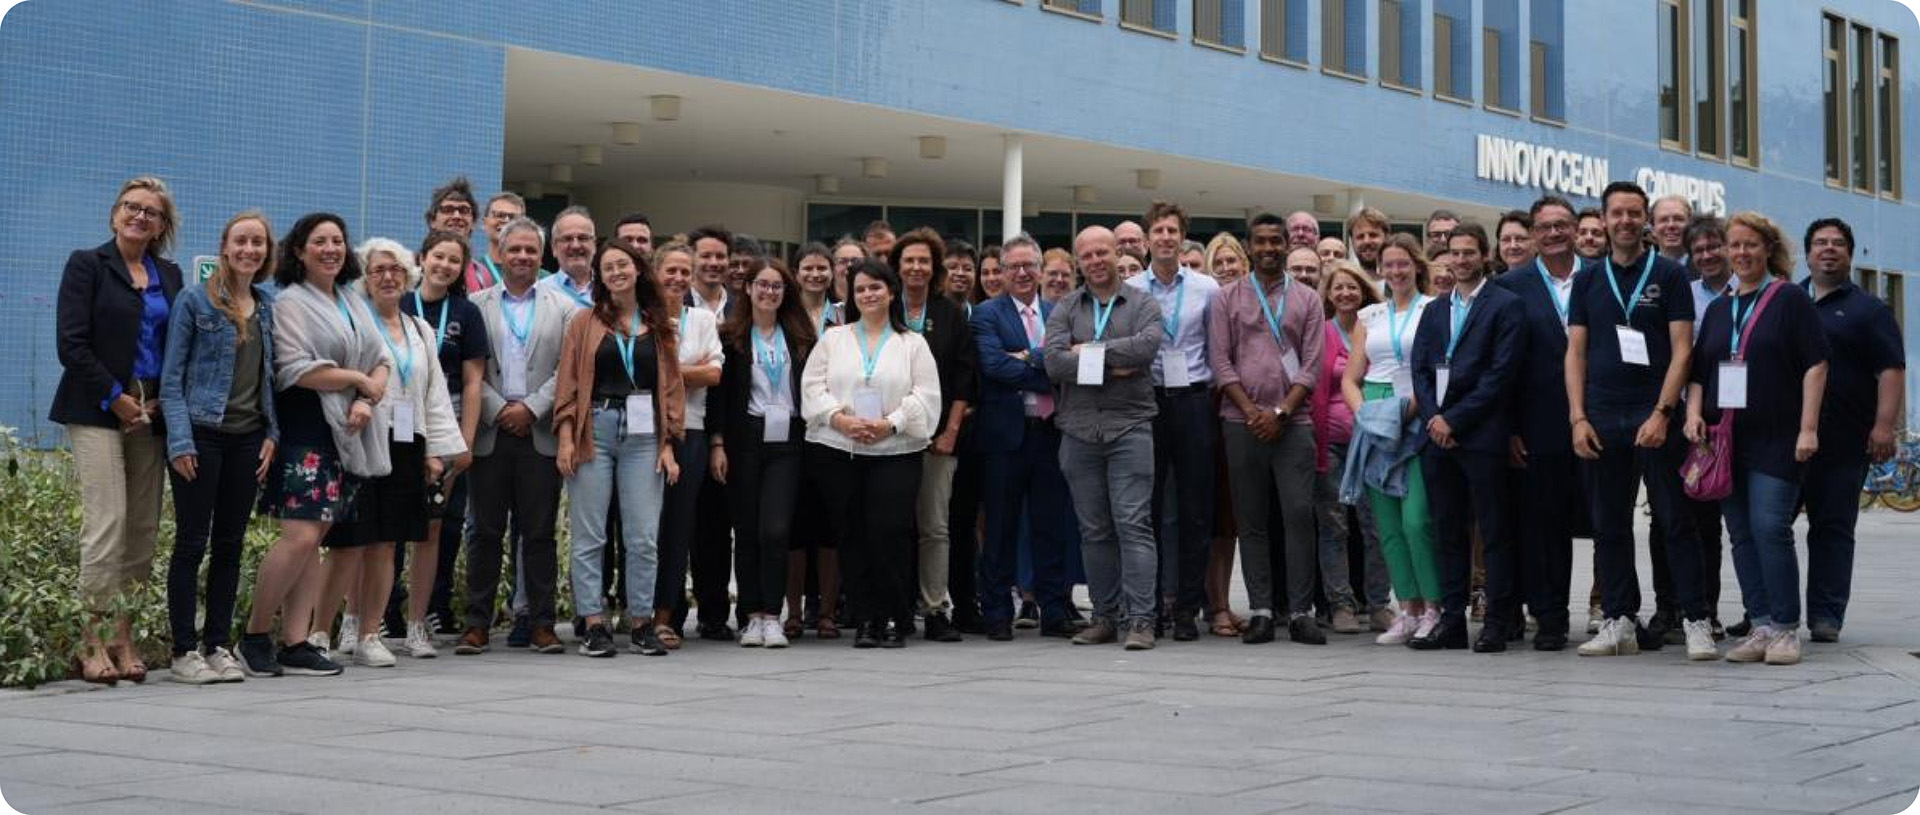 Last week the INSPIRE Europe consortium kicked off the start of a new four-year project. 25 partners spread across Europe and one partner from Thailand will join forces to reduce the plastic pollution in European rivers.
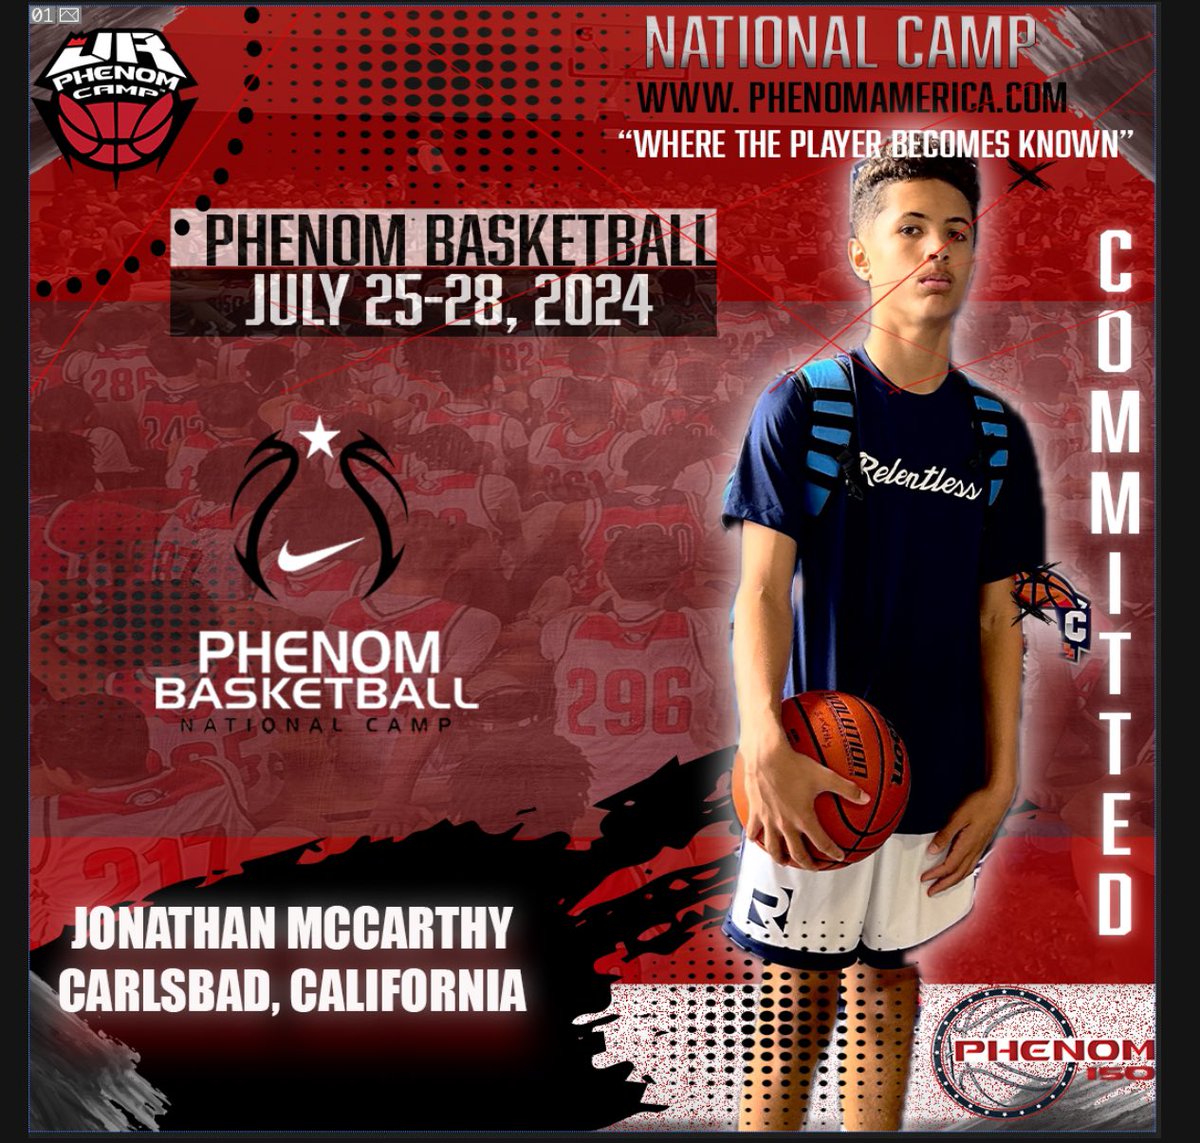 Phenom Basketball is excited to announce that Jonathan McCarthy from Carlsbad, California will be attending the 2024 Phenom National Camp in Orange County, California on July 25-28!
.
.
#wheretheplayerbecomesknown
#PhenomAmerica #PhenomNationalCamp #Phenom150 #jrphenomcamp
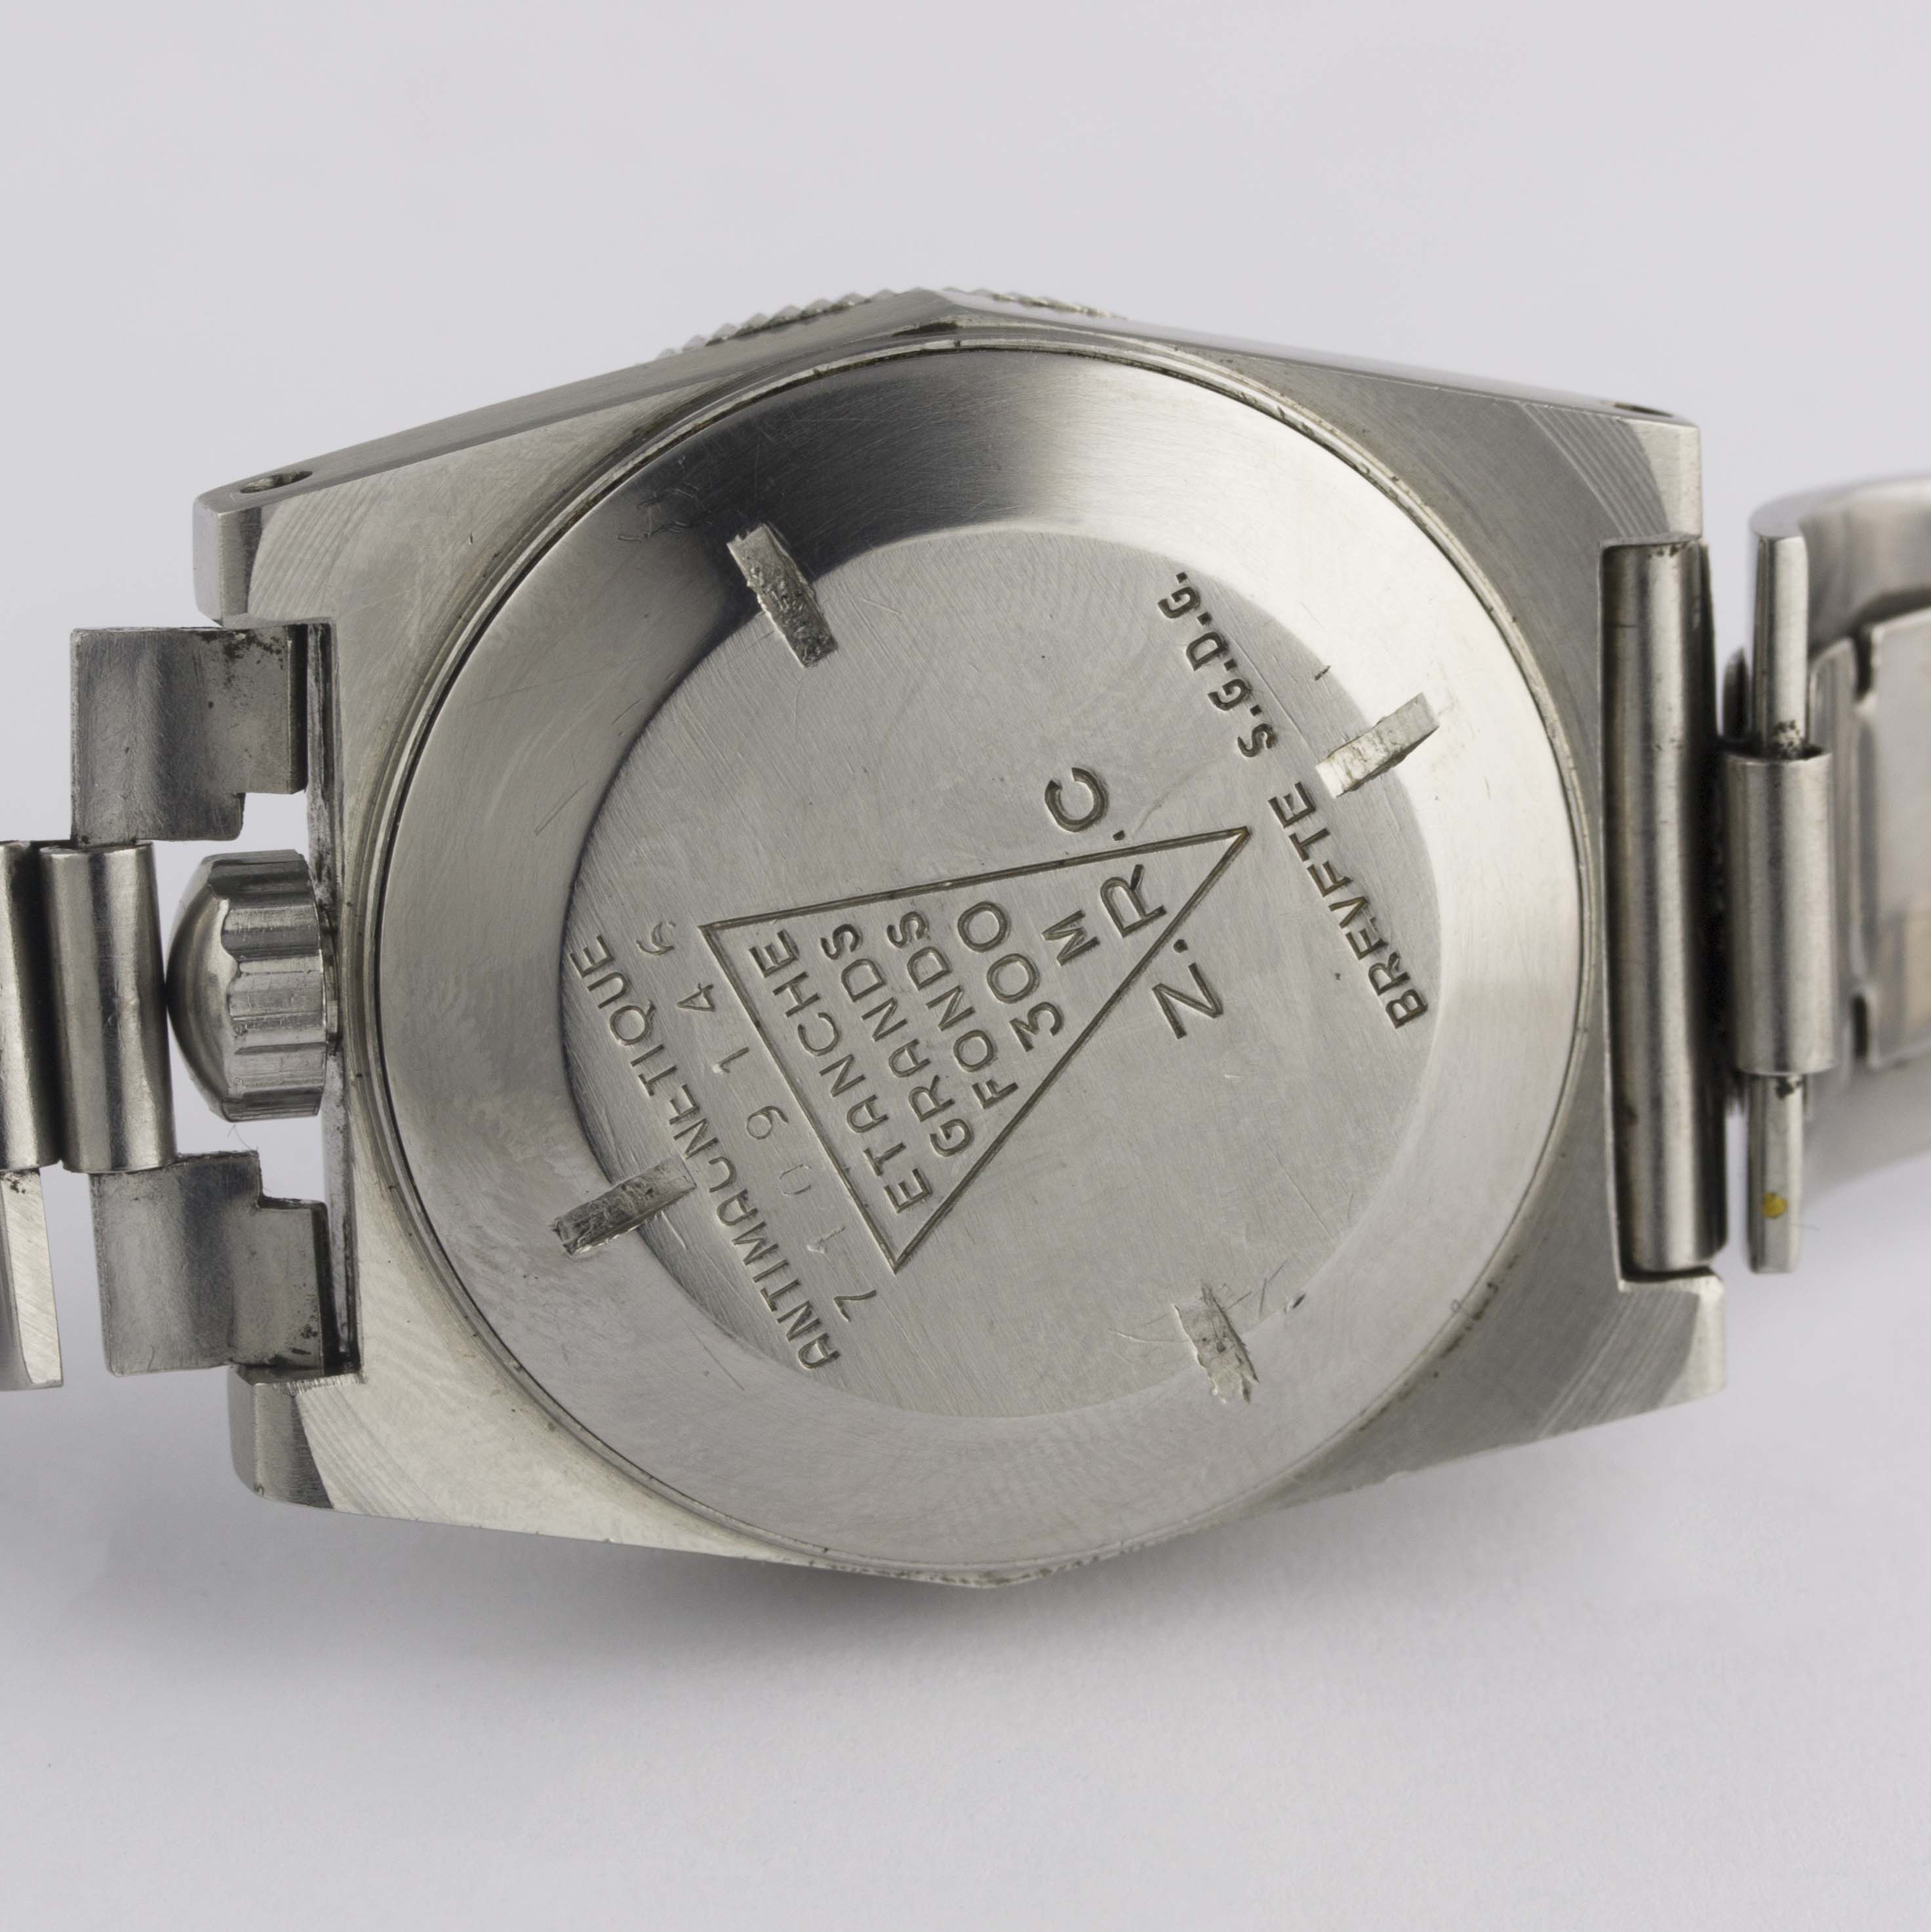 A VERY RARE GENTLEMAN'S STAINLESS STEEL Z.R.C. ETANCHE GRANDS FONDS 300M "SERIES III" AUTOMATIC - Image 7 of 11

═══

Your answer must be the records above, word for word, with every picture left out.

*Answer space*.
 Last week the INSPIRE Europe consortium kicked off the start of a new four-year project. 25 partners spread across Europe and one partner from Thailand will join forces to reduce the plastic pollution in European rivers.
 Phenom Basketball is excited to announce that Jonathan McCarthy from Carlsbad, California will be attending the 2024 Phenom National Camp in Orange County, California on July 25-28!
.
.
#wheretheplayerbecomesknown
#PhenomAmerica #PhenomNationalCamp #Phenom150 #jrphenomcamp
 A VERY RARE GENTLEMAN'S STAINLESS STEEL Z.R.C. ETANCHE GRANDS FONDS 300M "SERIES III" AUTOMATIC - Image 7 of 11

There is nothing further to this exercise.